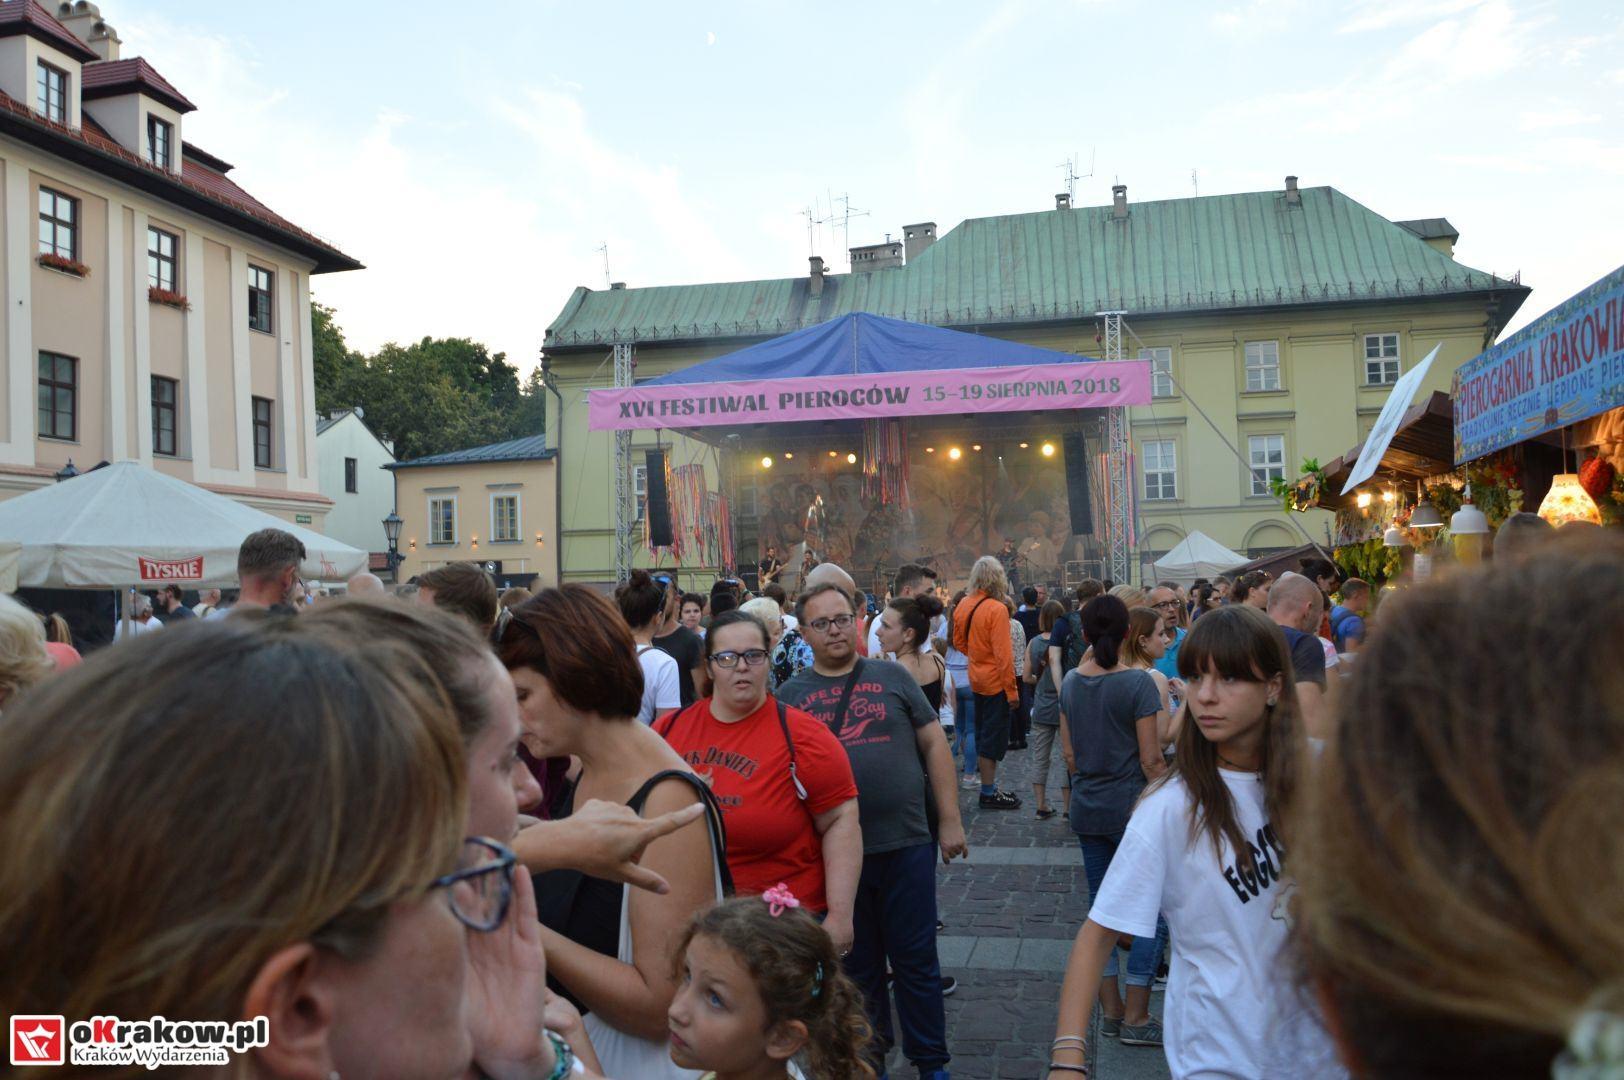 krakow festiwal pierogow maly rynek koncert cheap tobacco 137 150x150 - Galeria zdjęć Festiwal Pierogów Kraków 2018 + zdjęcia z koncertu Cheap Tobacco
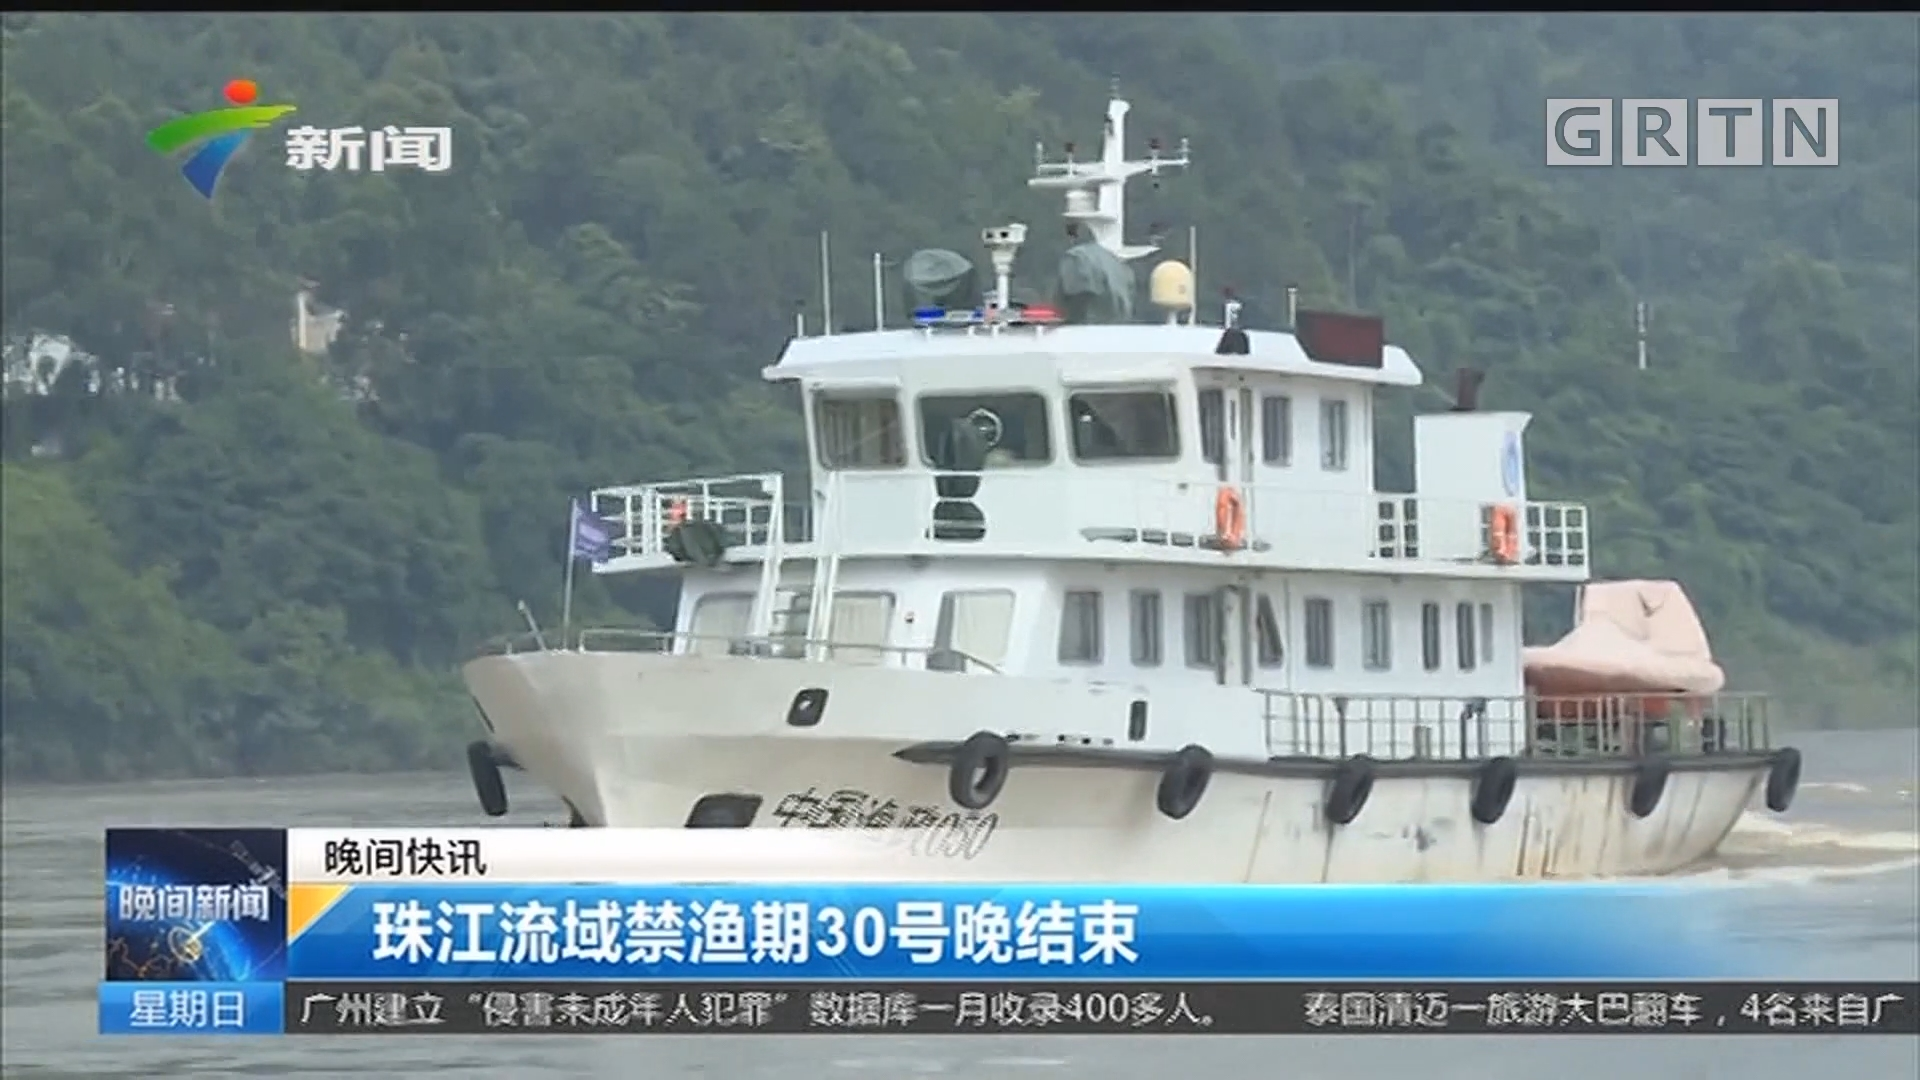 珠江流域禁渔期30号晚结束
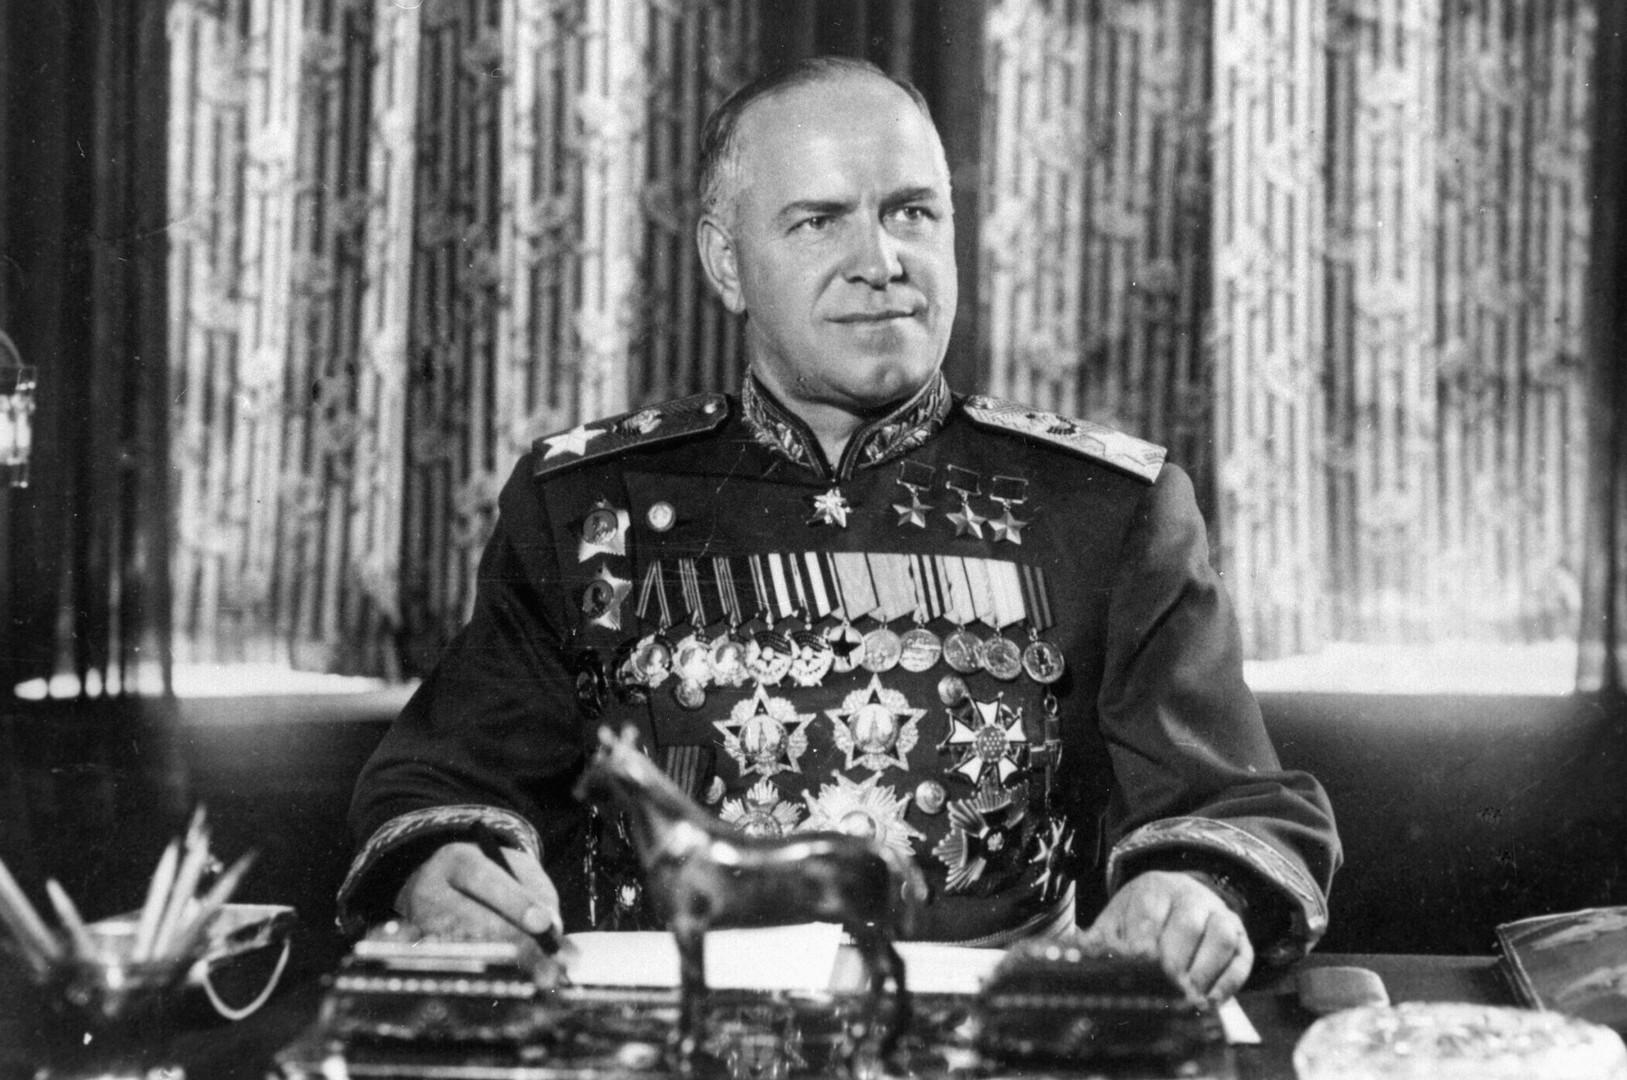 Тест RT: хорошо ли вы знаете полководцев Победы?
---*---
-- Problem to solve --
Wherever a picture appears in the data, please drop it and retype the rest exactly.

-- Solution for this exercise --
 krakow festiwal pierogow maly rynek koncert cheap tobacco 137 150x150 - Galeria zdjęć Festiwal Pierogów Kraków 2018 + zdjęcia z koncertu Cheap Tobacco
 珠江流域禁渔期30号晚结束
 Тест RT: хорошо ли вы знаете полководцев Победы?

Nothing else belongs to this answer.